Jul 12, 2007 6:44 pm

Oh, okay, sorry. Bear in mind that the prior probability that a given individual has a mathematical understanding of evolution is pretty low, but I do apologize.

(Comments wont nest below this level)
 
 
 
Toggle comment visibility Comment by Bascule
Jul 12, 2007 9:54 am

“(Also, be careful about arguing from definitions. Definitions have no empirical content, so you can’t use them to make predictions about the world. Eli wrote something on this topic once… does anybody remember where it is?)”

That sounds a bit like Hume’s fork, eh?

 
Toggle comment visibility Comment by Tom McCabe
Jul 12, 2007 11:04 am

“Evolution does not stand back and calculate an “optimal” fitness.”

Evolution may not *calculate* an optimal birthrate, but it will eventually arrive at whatever the optimal birthrate is through weeding out all the genetic variations which code for suboptimal birthrates. For a single male, it will be to their advantage to throw out as many sperm as possible, because at least a few of them will probably make it to adulthood. However, for a couple which has to raise their own children, there is a tradeoff between how many children they can bear and how many they can feed. The winners are the ones with the most surviving grandchildren, not the most children at birth.

In a modern first-world society, it would probably be optimal to simply have as many children as physically possible, and have them adopted, since we have a mechanism to care for unwanted children. Given a million years under 21st century living conditions, people who pulled stunts like this would gradually come to outnumber people who didn’t, and the world would see the rise of a new species of hominid, Homo philoprogenitus (lover of many offspring). However, since technological progress is so much faster than evolution, we will progress our way out of early 21st century society faster than evolution can blink.

 
Toggle comment visibility Comment by Mika Suominen
Jul 12, 2007 1:25 pm

Evolution has no goal; it just pushes life from behind. Humanity has no preset or commonly agreed goal either, so why should FAI have one? Why shouldn’t FAI just endorse the trends of evolution in long-term, and use artificial selection to value internal patterns that yield to accurate predictions?

When it comes to “fitness”, we should not limit our views to biological evolution only. At least within us great apes there is an ongoing struggle between our genes and our memes, both having an effect on our behavior.

Toggle comment visibility Comment by Stefan Pernar
Jul 12, 2007 6:06 pm

Evolution has no goal

Evolution may not have a stated goal but does have the implied goal of increasing fitness.

It is interesting that you raise the matter of a FAI’s goals in this context as I tried to join the principle of natural selection to come up with an universally acceptable common self-improving AGI goal.
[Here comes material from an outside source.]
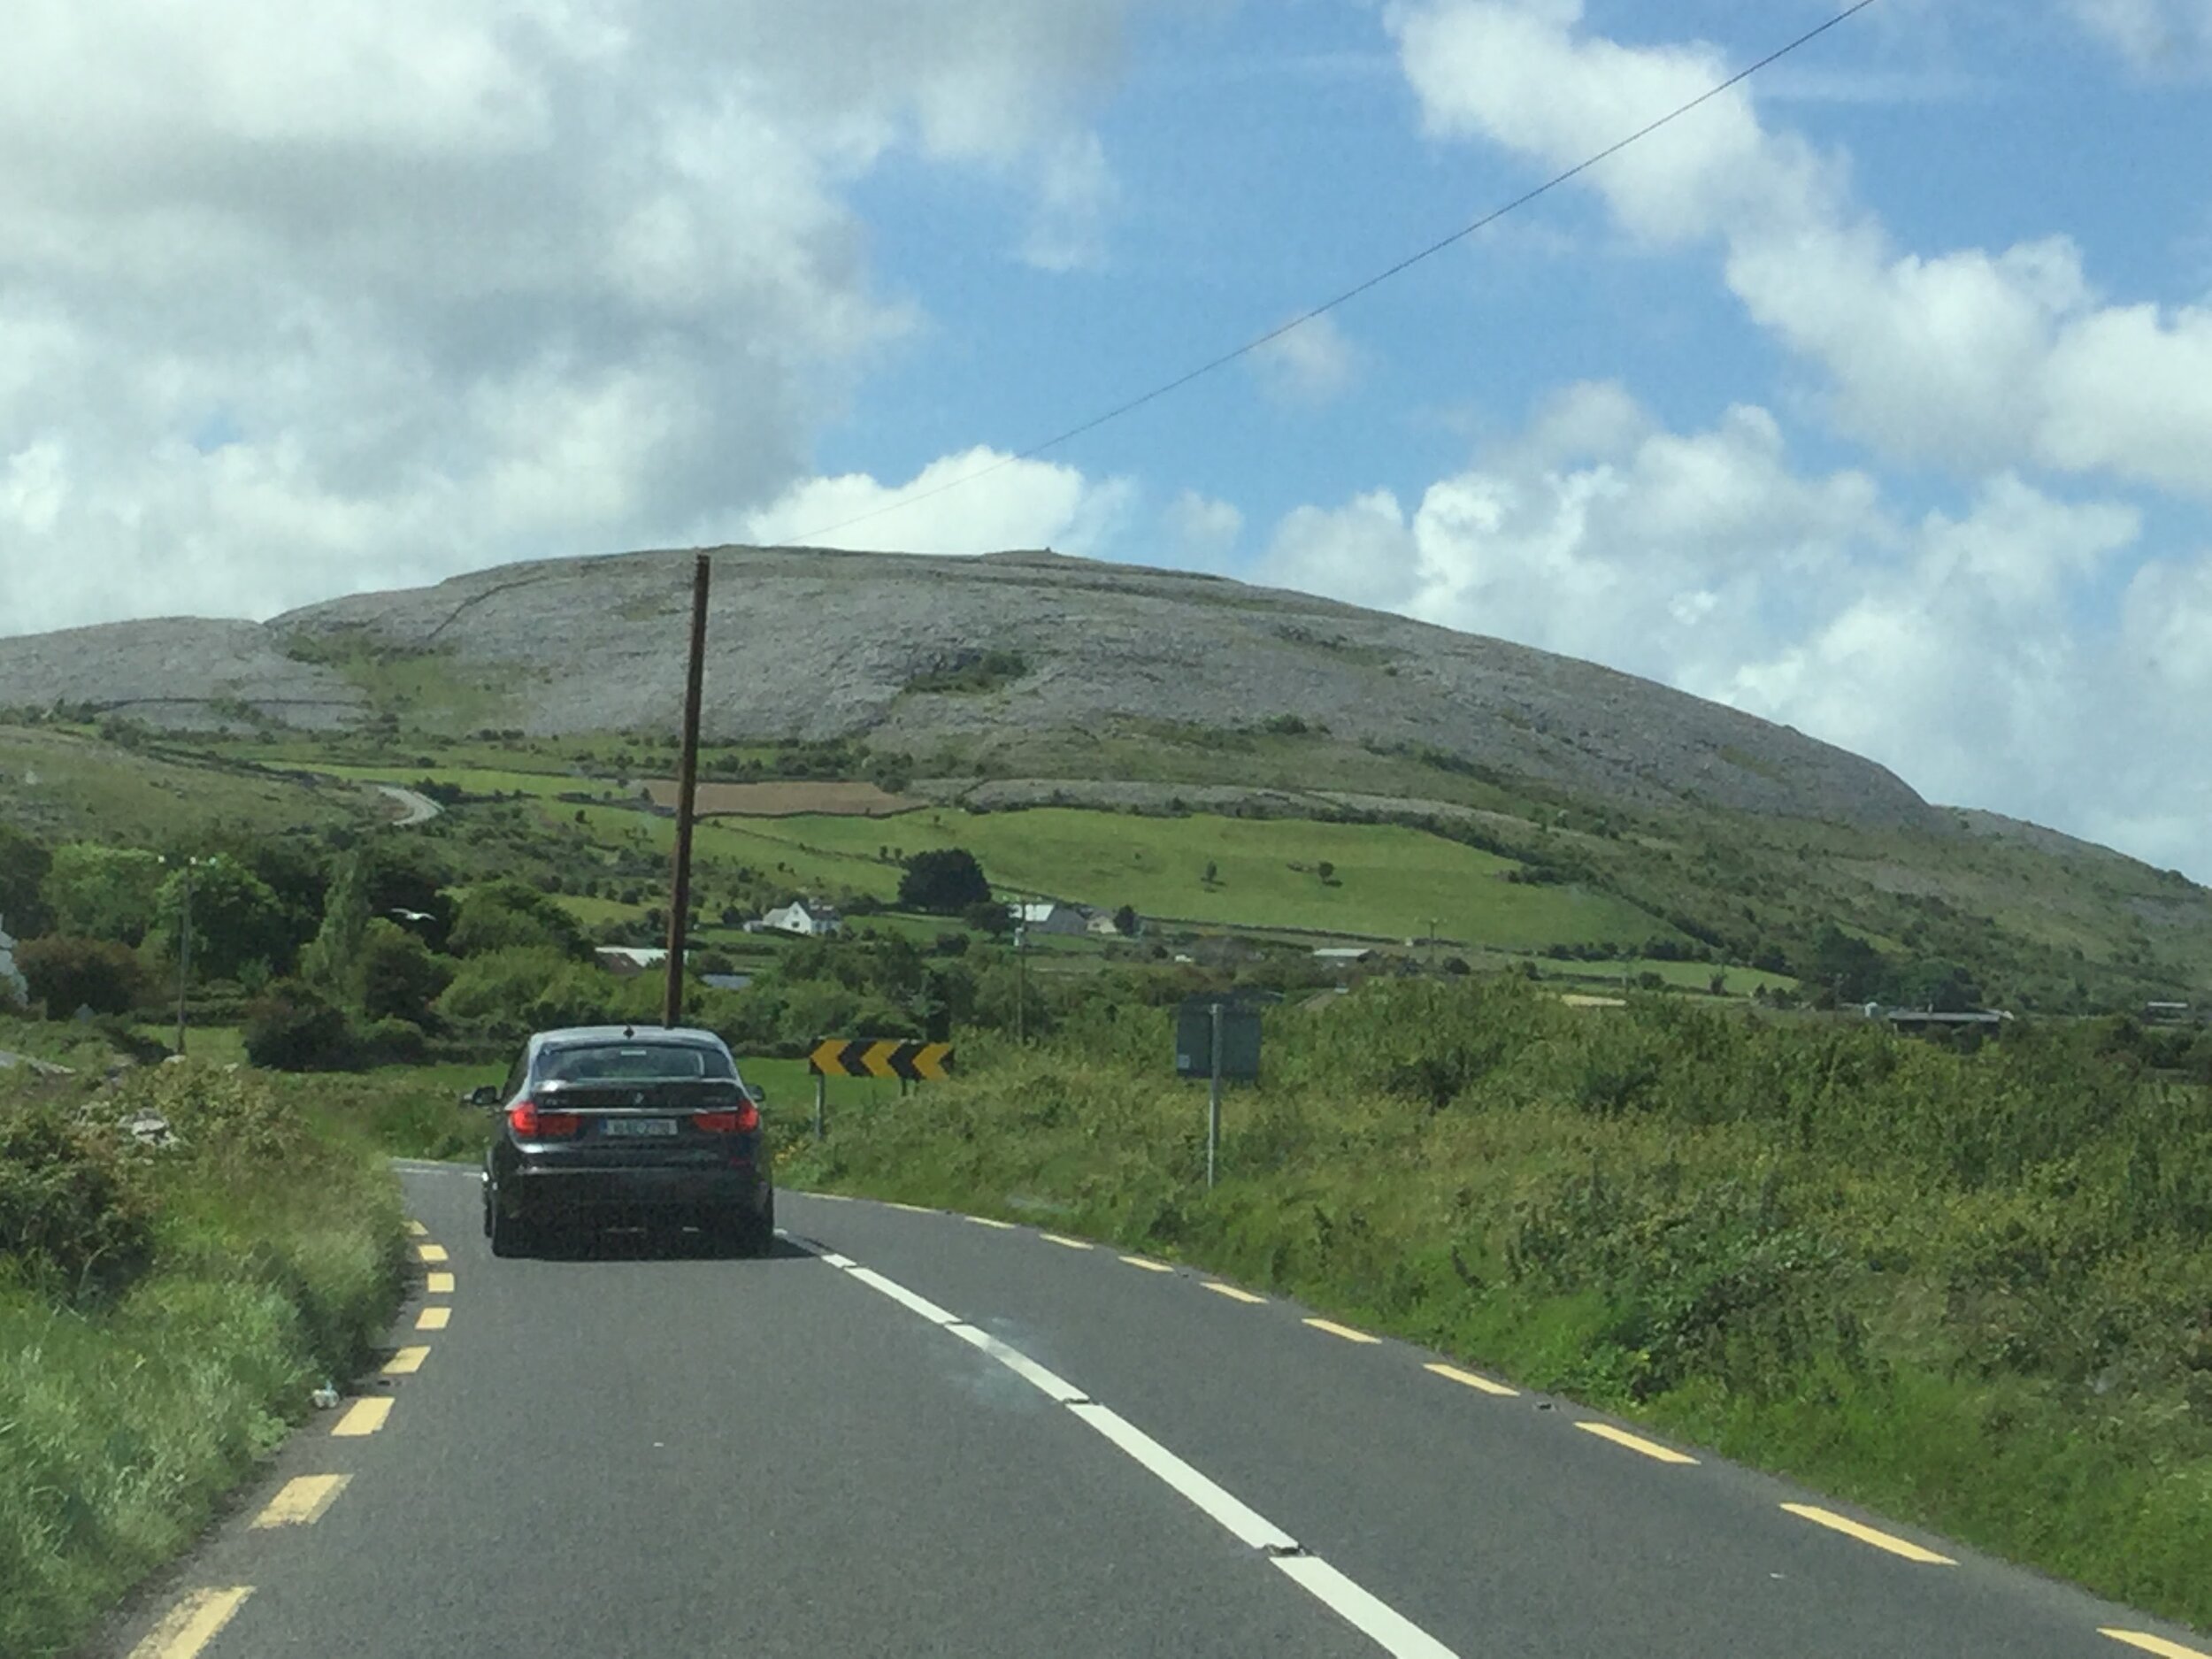 Hilly, winding Irish roads

I would love to get some feedback on it. You can find it under

http://www.jame5.com/Benevolence-PERNAR.pdf

Toggle comment visibility Comment by Mika Suominen
Jul 14, 2007 1:37 am

“Evolution may not have a stated goal but does have the implied goal of increasing fitness.”

I would say the increased fitness is a probable *result* of evolution, but maybe I’m just playing with words here… Anyway, the real beauty of natural evolution is that life doesn’t need any specific goal to flourish.

There are some very good points in your paper, but it left me with mixed feelings. ‘Joy’, ’suffering’, ‘good’, ‘bad’, ‘right’ and ‘wrong’ are all subjective meta-representations in some representational system, and I think it might be unwise to design AGI based on any moral philosophy. Because of the risks, I might start by re-defining intelligence as a capability to make accurate predictions, and suggest a design for a “prediction machine” without any super-goals or moral judgements.

(Comments wont nest below this level)
 
 
 
Toggle comment visibility Comment by Tom McCabe
Jul 12, 2007 4:33 pm

“Humanity has no preset or commonly agreed goal either, ”

It is commonly agreed that we do not want people to die horrible fiery deaths. You can go into evolutionary psychology and pull out dozens of other desires that 95% of humankind shares, but it’s intuitively obvious that we do not want to die horrible fiery deaths, and designing an AGI that will fulfill that desire is a hard enough task in and of itself.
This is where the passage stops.